Prove that if $\operatorname{rank}(T) = \operatorname{rank}(T^2)$ then $R(T) \cap N(T) = \{0\}$

We have that $T^2(V)\subseteq T(V)$, so $R(T)=R(T^2)$ implies that $T^2(V)=T(V)$.

Now, for the rank nullity theorem we know that $\dim V= R(T) + N(T)=R(T^2)+N(T^2)$, so $N(T)=N(T^2)$, but similarly to before, $\ker T \subseteq \ker T^2 $ and $\ker(T)=\ker(T^2)$.

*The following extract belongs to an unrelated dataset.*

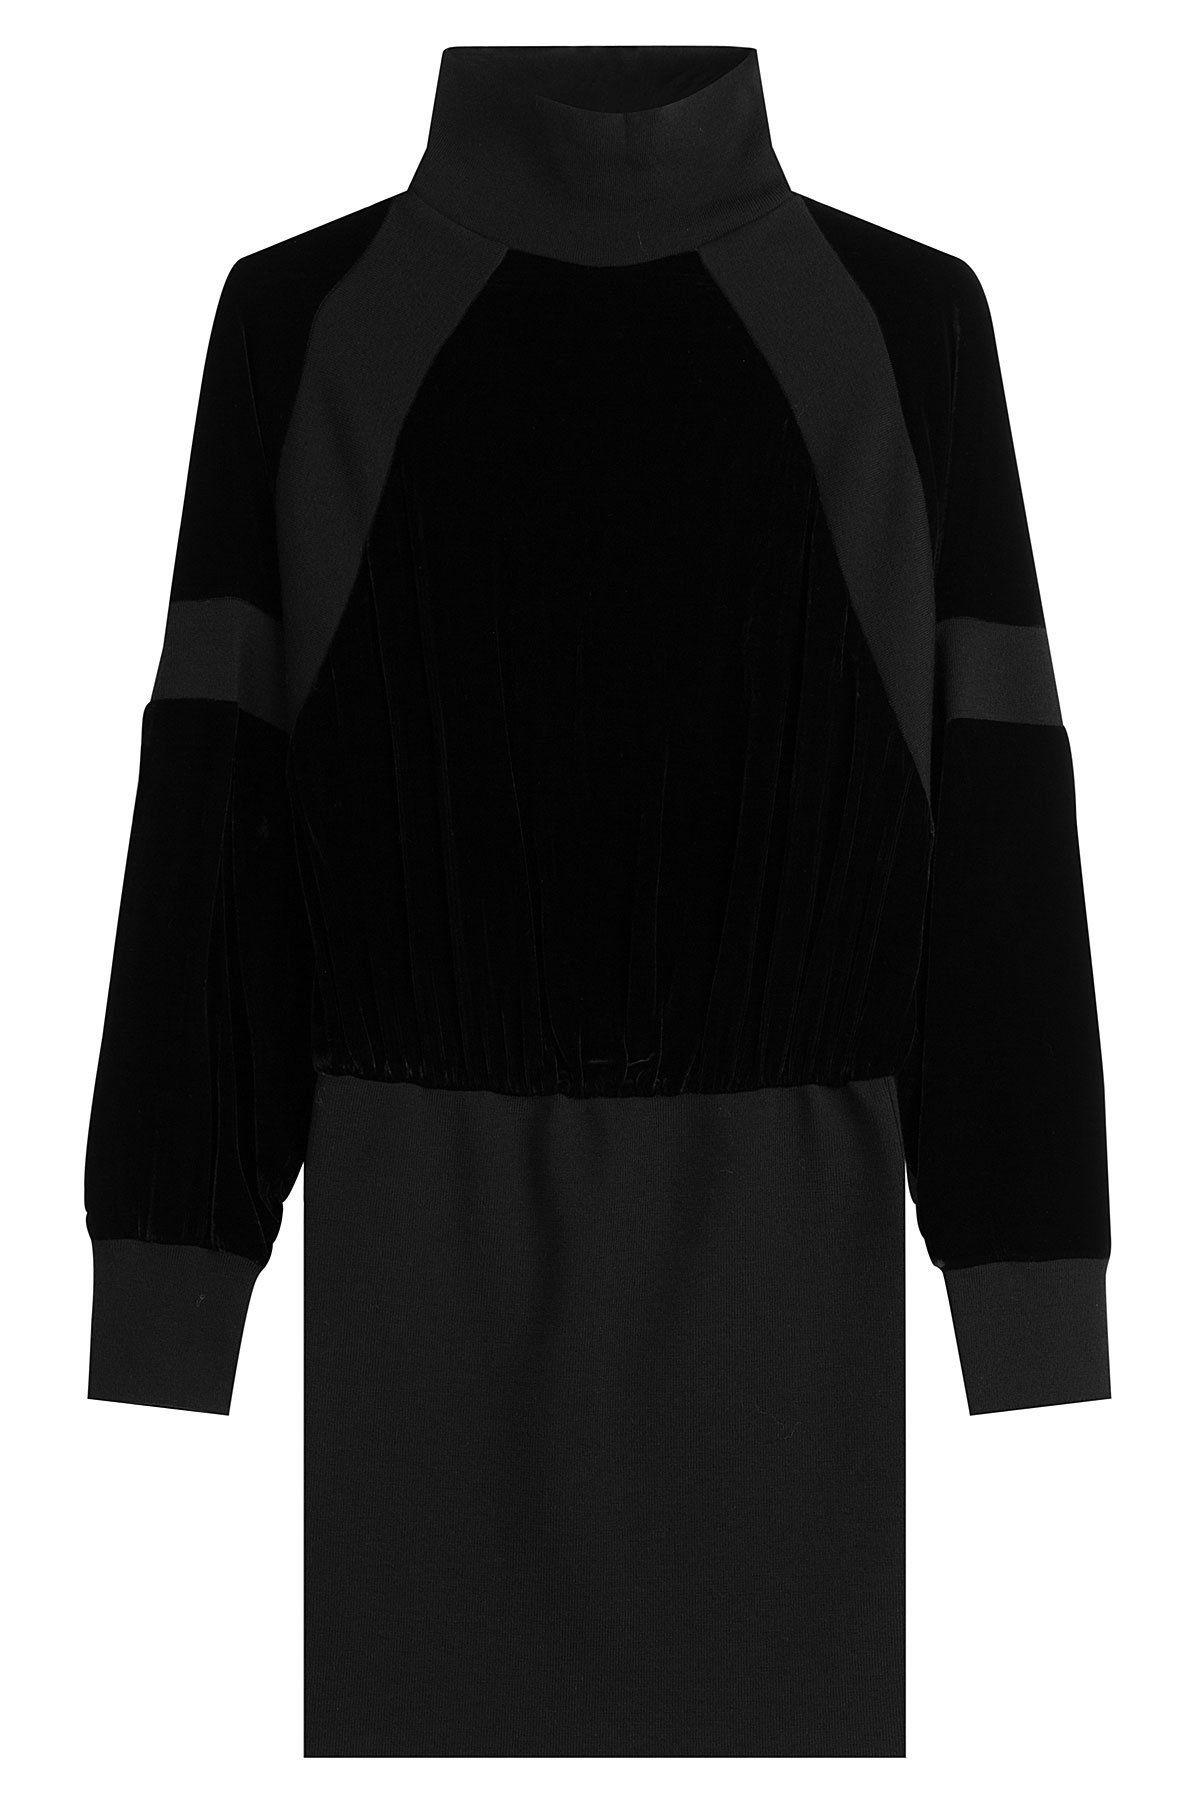 c037c70eadd DKNY - Knit Sweater Dress with Velvet

Let $x \in \ker (T) \cap T(V)$. The fact that $x\in T(V)$ implies that there exists $x' \in V$ such that $T(x')=x$, then $T(T(x'))=T(x)=0$ (because $x \in \ker (T)$).

Then $x' \in \ker (T^2)=\ker (T)$, so $T(x')=0=x$.

We conclude that $\ker (T) \cap T(V)=\{ 0\}$.


You have $T^2(V)\subseteq T(V)$, and the dimension of these two subspaces is equal so $T(V) = T^2(V)$. Hence, $T$ is 1-1 on $T(V)$.